治療法が確立していない未知の感染症と聞くと、小さなわが子をどうやったら守れるだろうかと不安が募るもの。感染についての情報の中で「免疫が低下したお年寄りは重症化しやすい」などと聞いて、「わが子の免疫力を高める方法が知りたい」と思っているママ・パパは少なくないでしょう。
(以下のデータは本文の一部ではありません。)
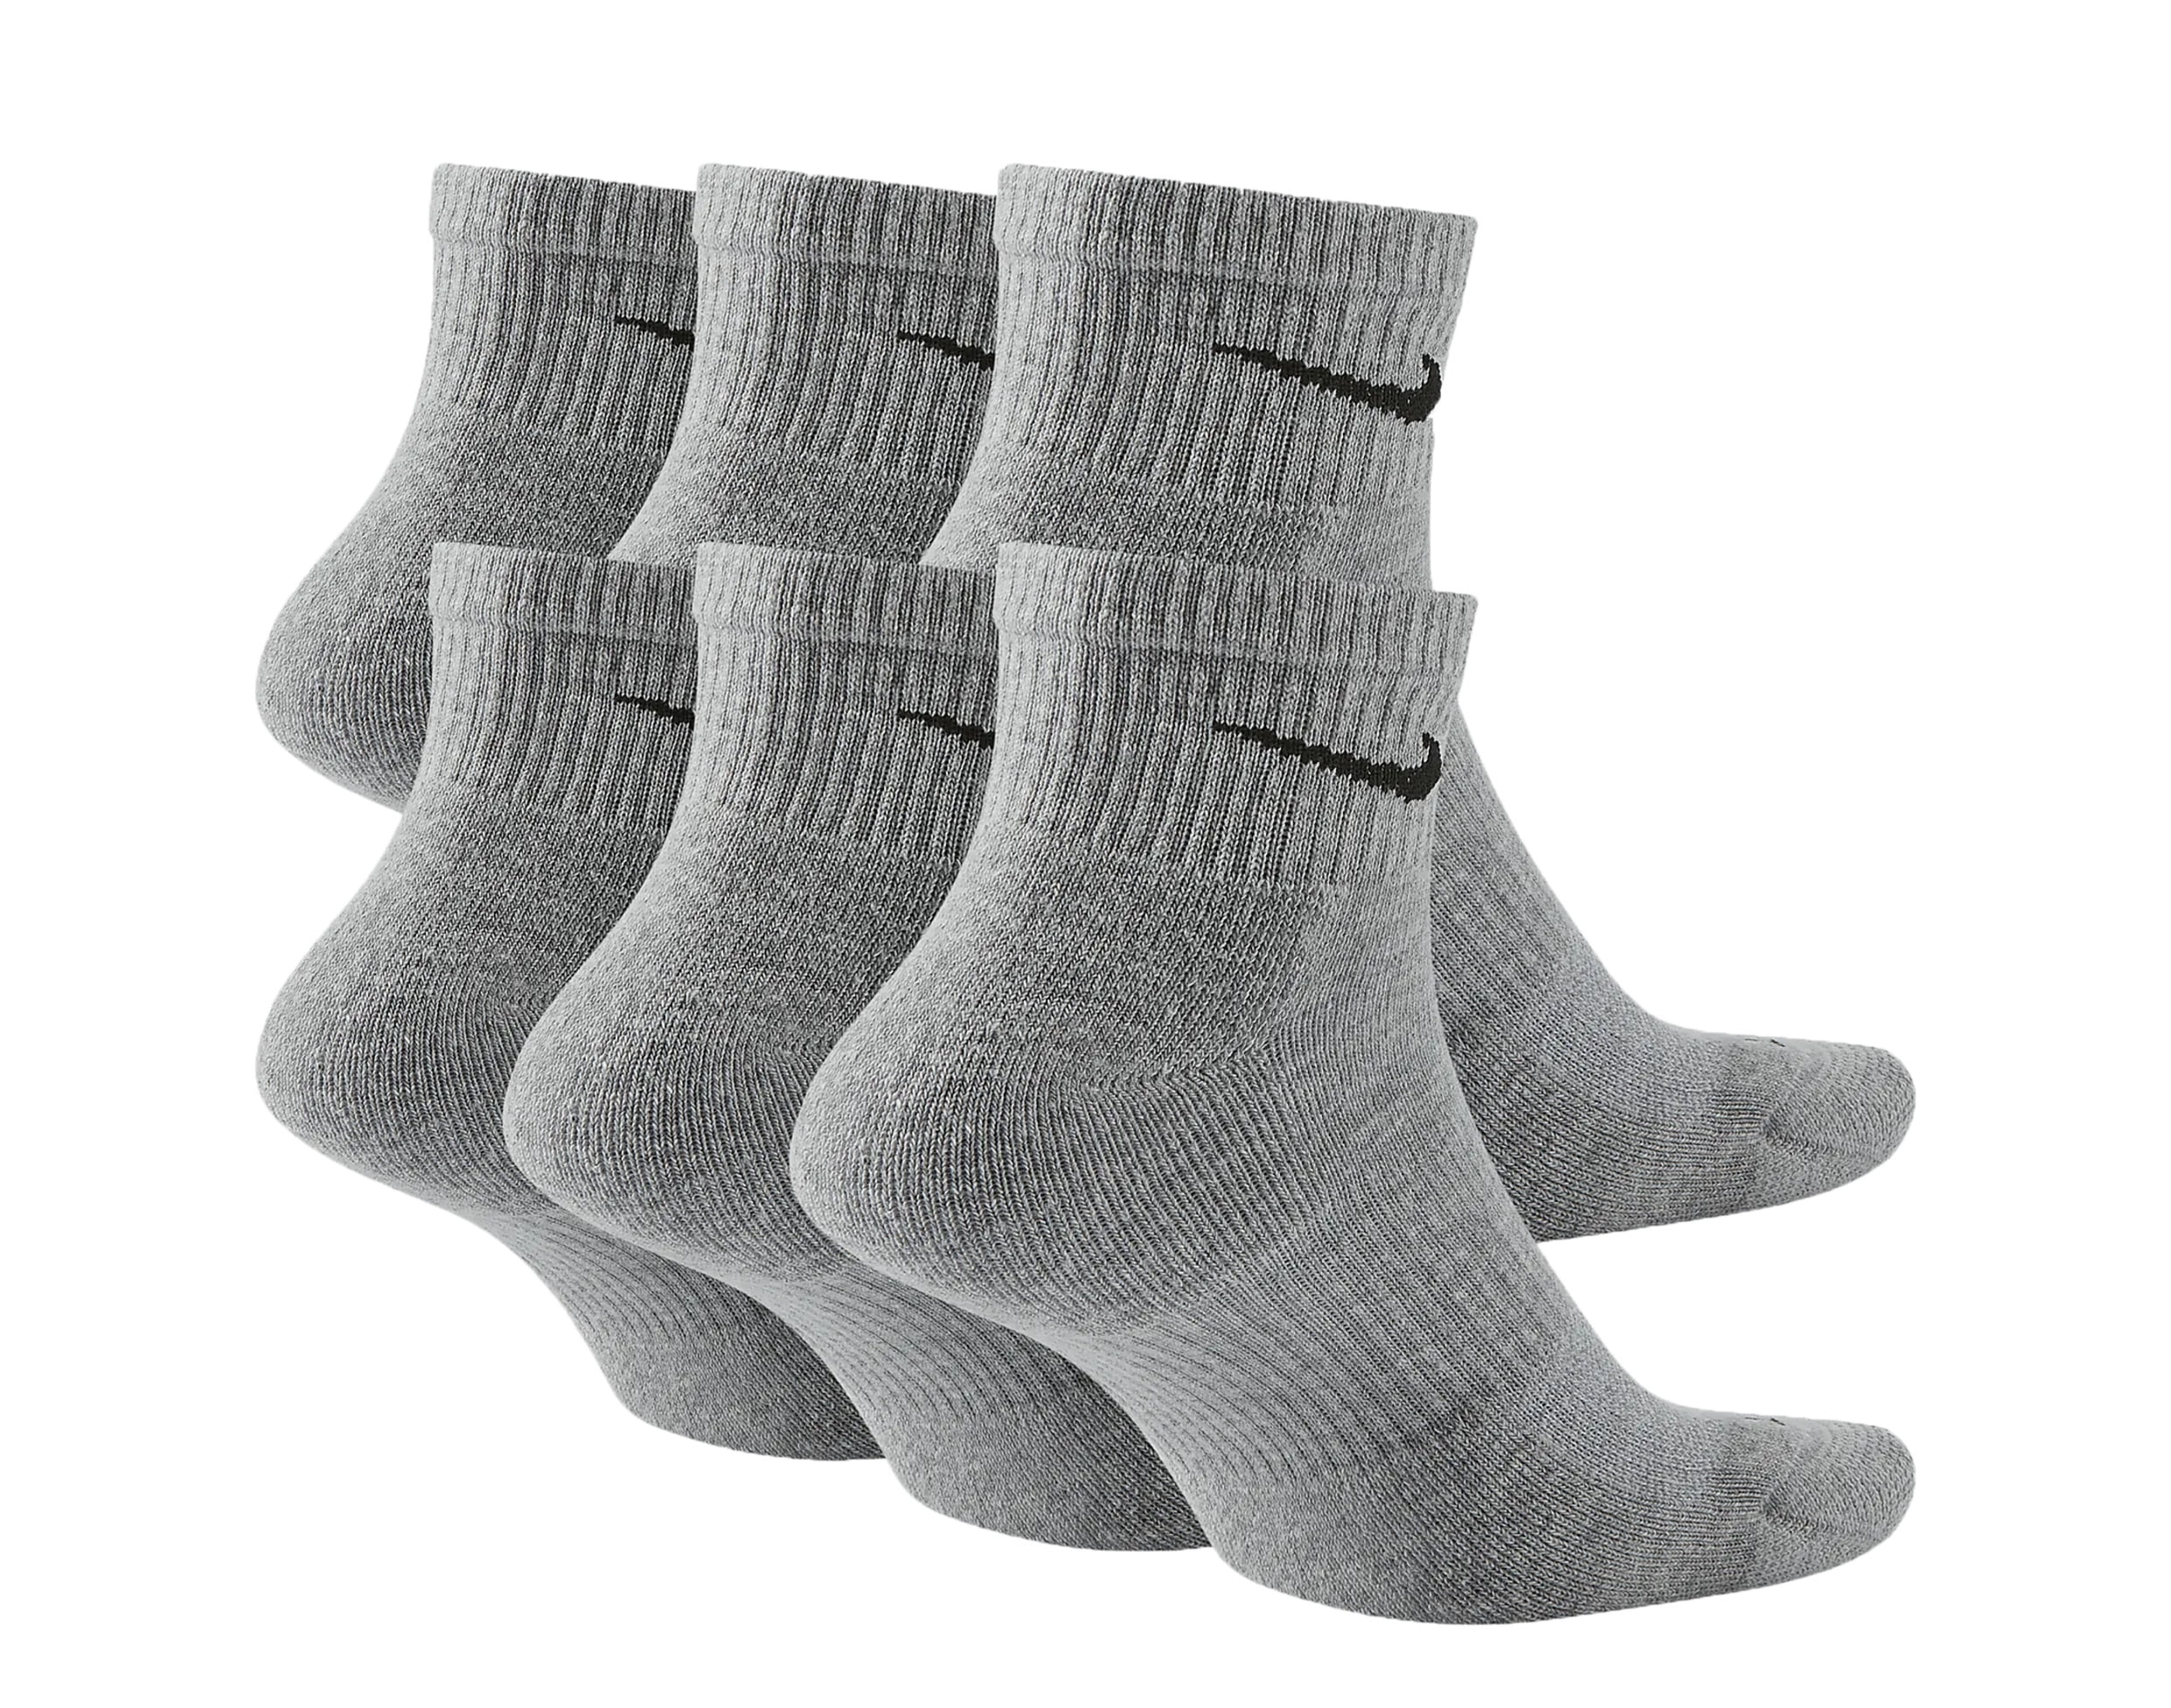 grey nike socks 6 pack

そこで免疫と感染防止について、慶應義塾大学医学部教授で小児科医の高橋たかお先生に伺いました。

 

新型コロナは未知のウイルス、世界中の誰にも免疫がありません

マスクをする人のイラスト

担当編集I(以下、I):新型コロナウイルスの感染拡大に不安を募らせているのは、重症化の可能性が高いとされている高齢層ばかりではなく、子育て世代も同じかと思います。

高橋先生:不安なお気持ち、わかります。新型コロナウイルスは人類にとって大きな脅威となっているわけですから。それはこのウイルスが、今まで世界中で誰一人として経験したことのないものであるということが理由です。この世には多種多様なウイルスや細菌が存在していますが、人間のからだはそれぞれのウイルスや細菌を一度経験すると、その情報を覚えて防御する力ができて感染しにくくなったり、感染しても軽い症状で治るようになっています。このような防御力が免疫力の主体です。

I:新型コロナウイルスは、免疫を持っている人が誰一人いないので「為す術がない」わけですね。

高橋先生:ええ。潜伏期間や症状などがまだ詳しくは分かっていませんし、治療法もないわけですから、とにかく感染しないように気を付けるしかないということです。ちなみに重症化しているのは、多くが体力のないお年寄りや、さまざまな合併症を起こしやすくする基礎疾患をお持ちの方々です。風邪でもインフルエンザでも、そういう人が感染症にかかると重篤化することは珍しくありません。感染症全般にあてはまる特徴といえることで、新型コロナウイルスが特別というわけではありません。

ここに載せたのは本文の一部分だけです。